All of the data must be written out verbatim, with pictures excluded.

Dataset extract:
====

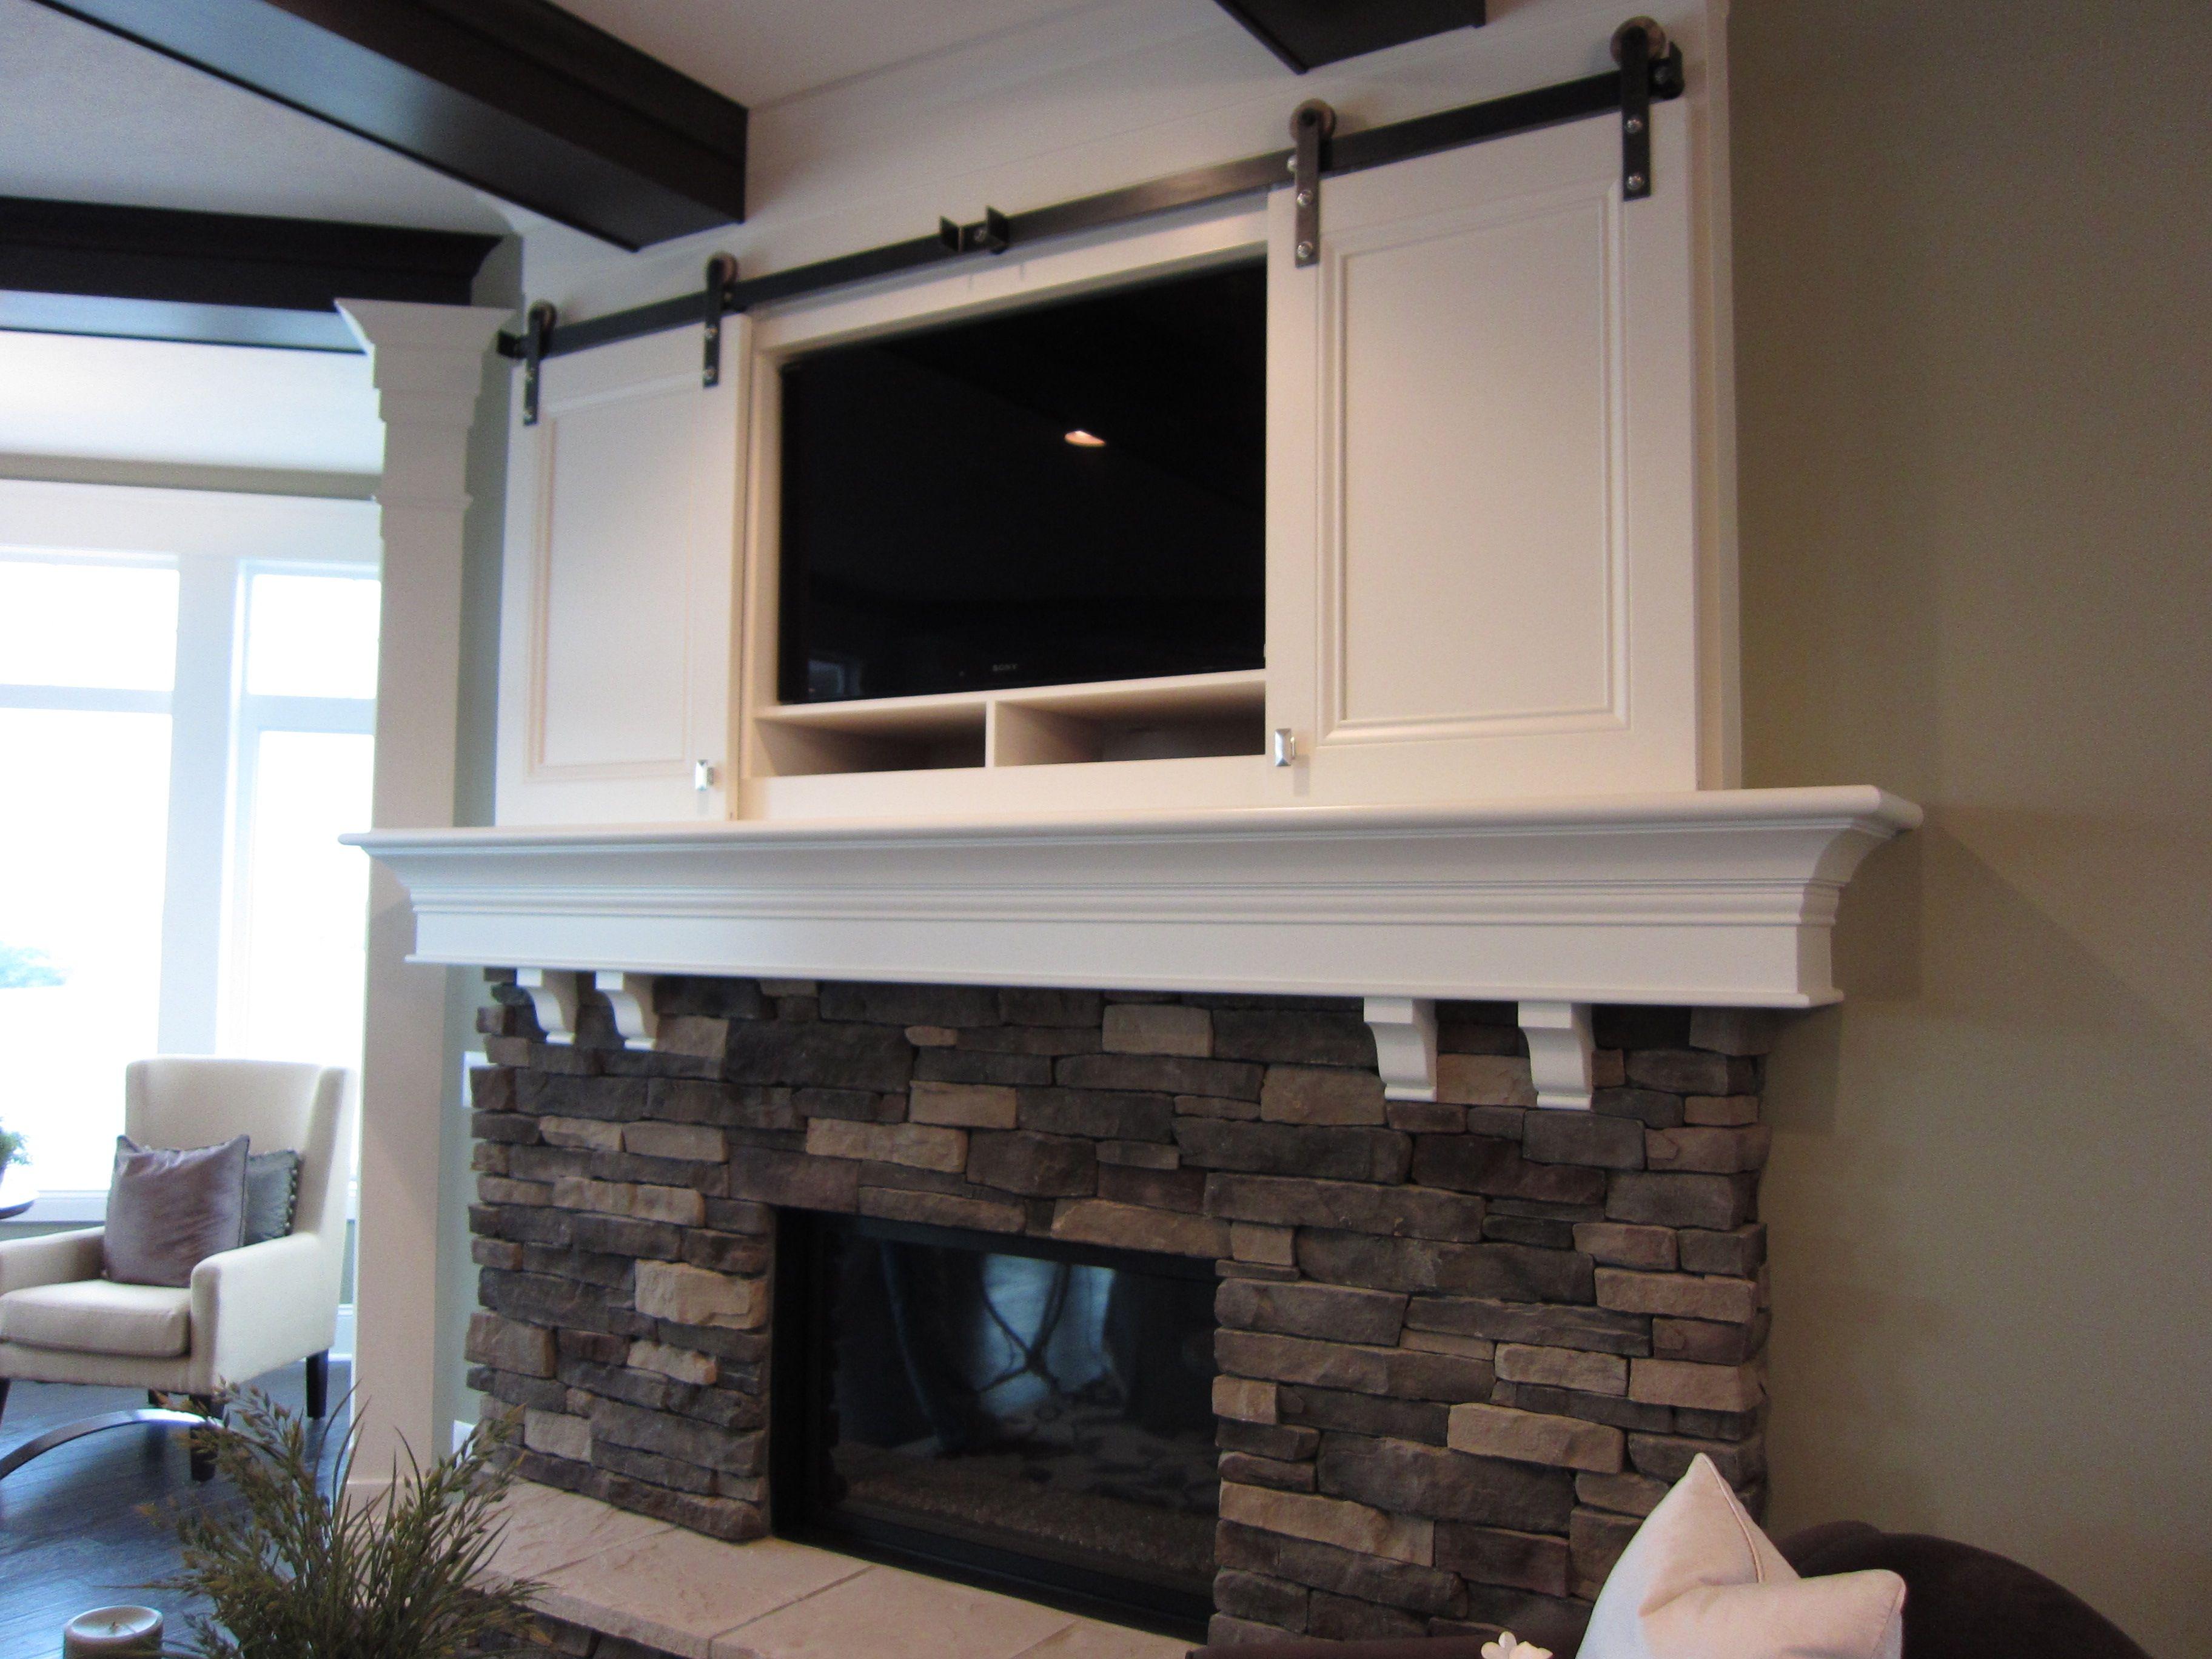 Over Fireplace Ideas New Fireplace Tv Mantel Ideas Best 25 Tv Above Fireplace Ideas
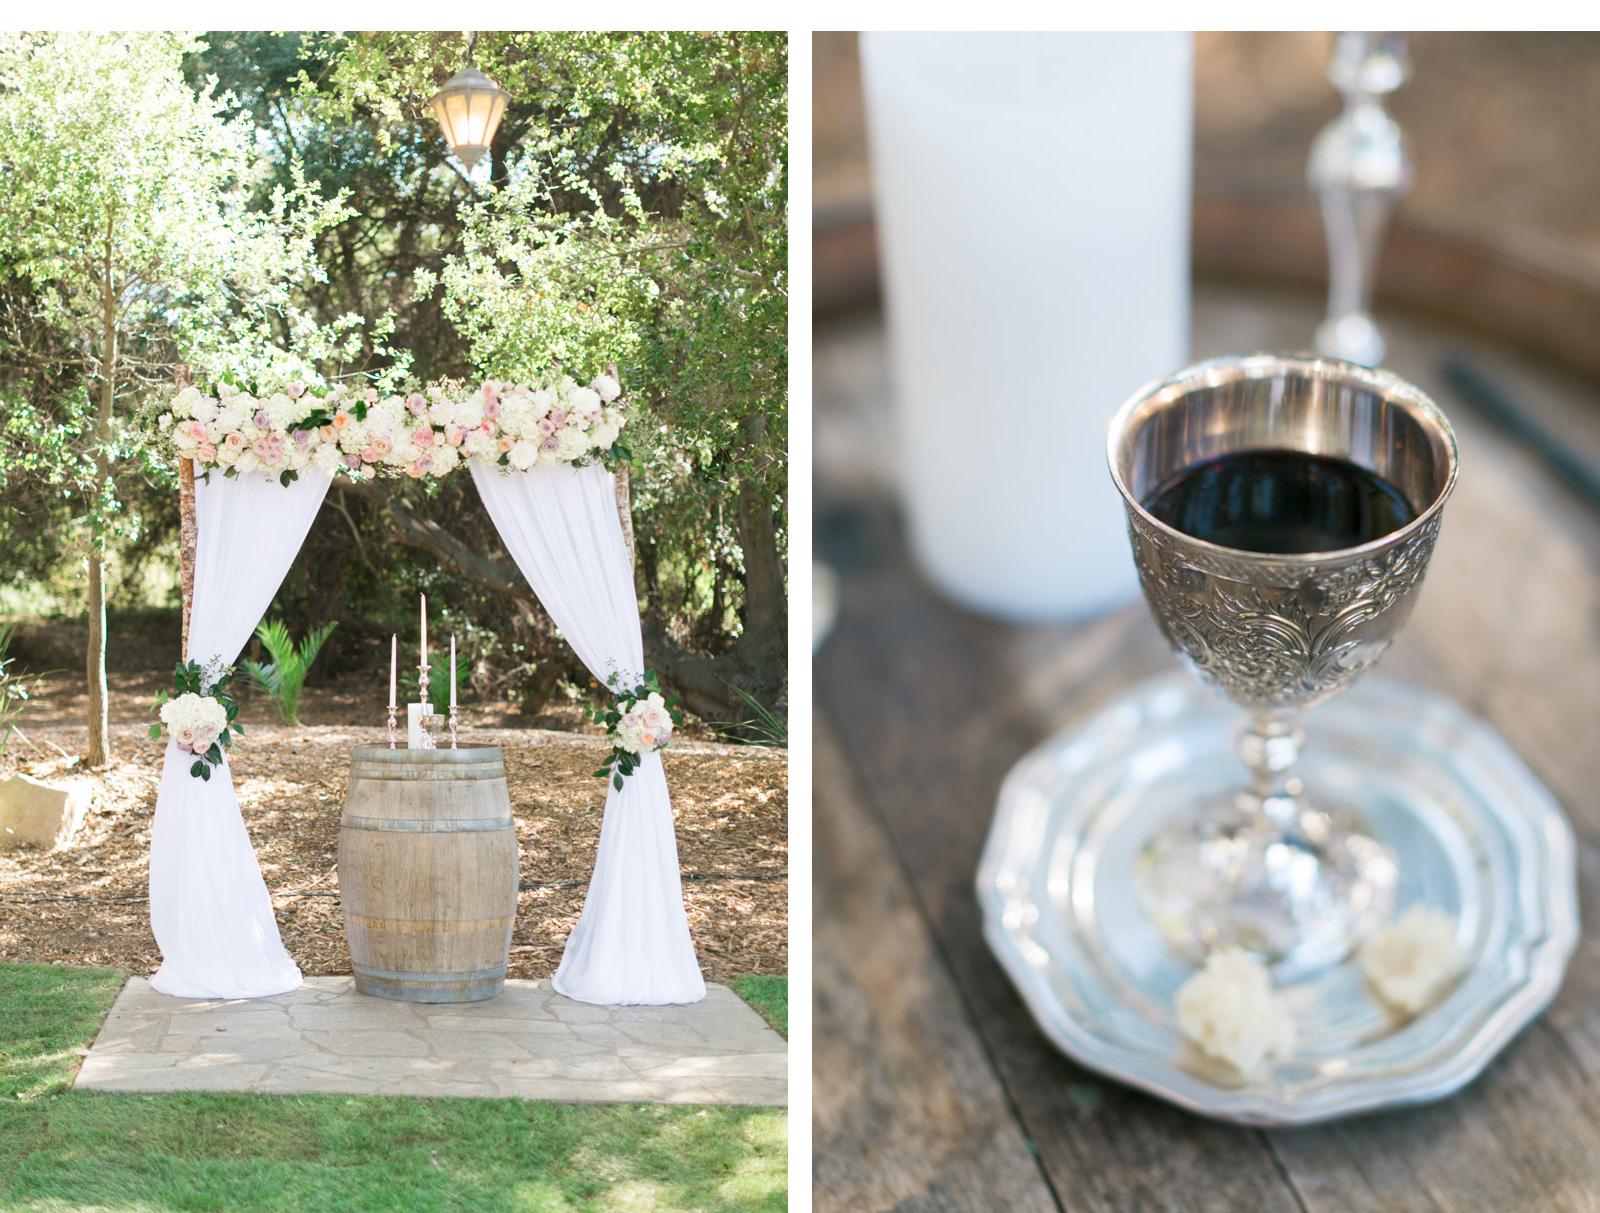 Nia-Sanchez-Southern-California-Wedding-Natalie-Schutt-Photography_06.jpg
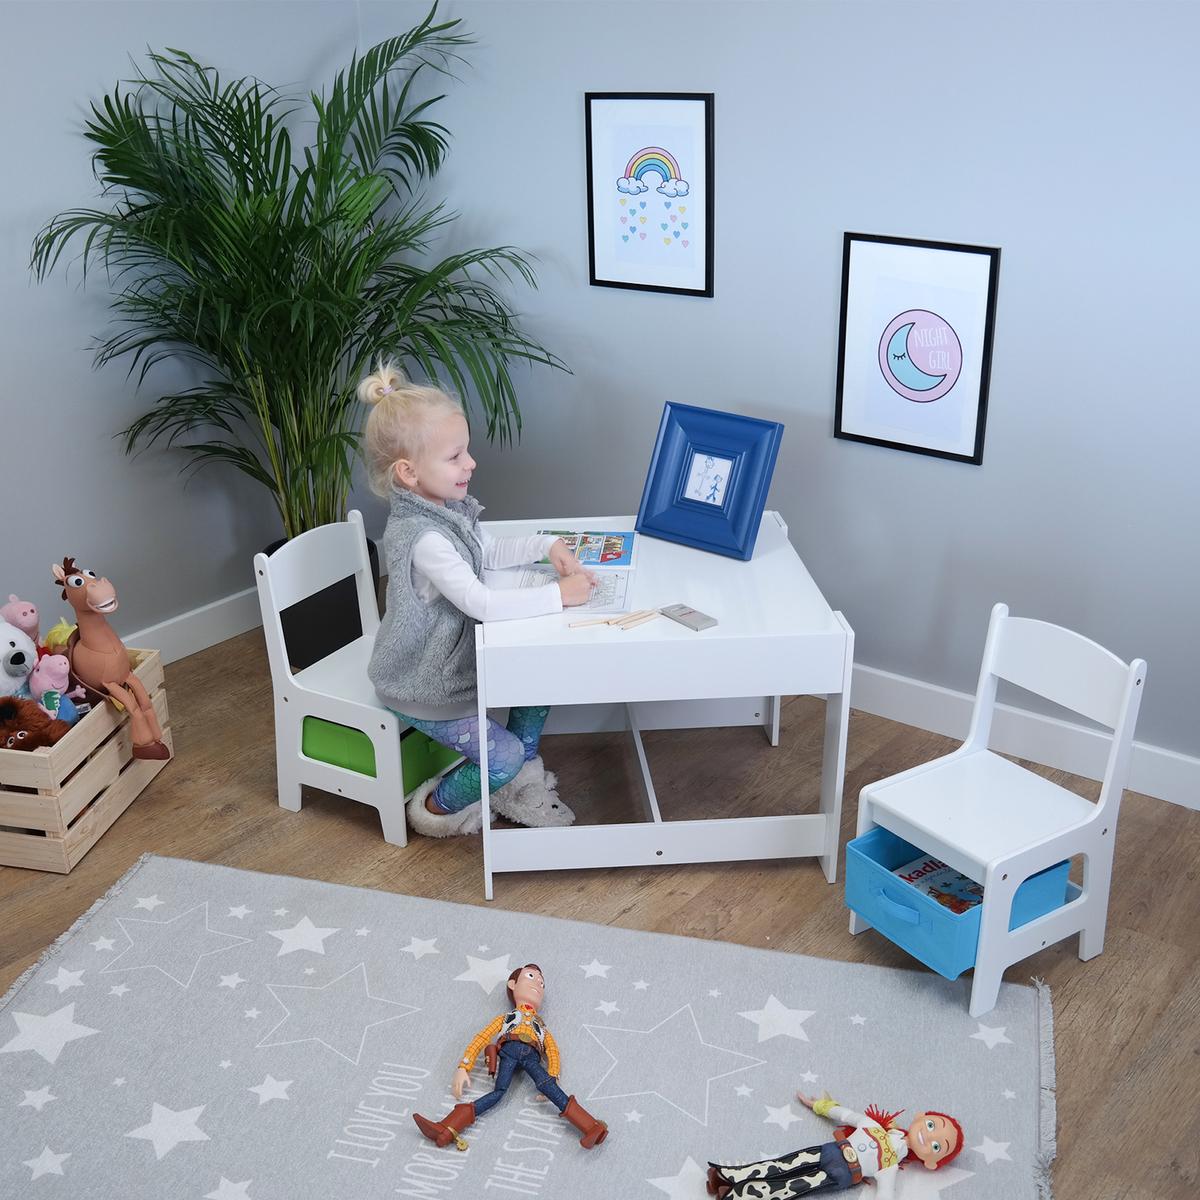 Ourbaby detský stôl so stoličkami s modrým a zeleným boxom

====

Solution to the exercise:
 Over Fireplace Ideas New Fireplace Tv Mantel Ideas Best 25 Tv Above Fireplace Ideas
 Nia-Sanchez-Southern-California-Wedding-Natalie-Schutt-Photography_06.jpg
 Ourbaby detský stôl so stoličkami s modrým a zeleným boxom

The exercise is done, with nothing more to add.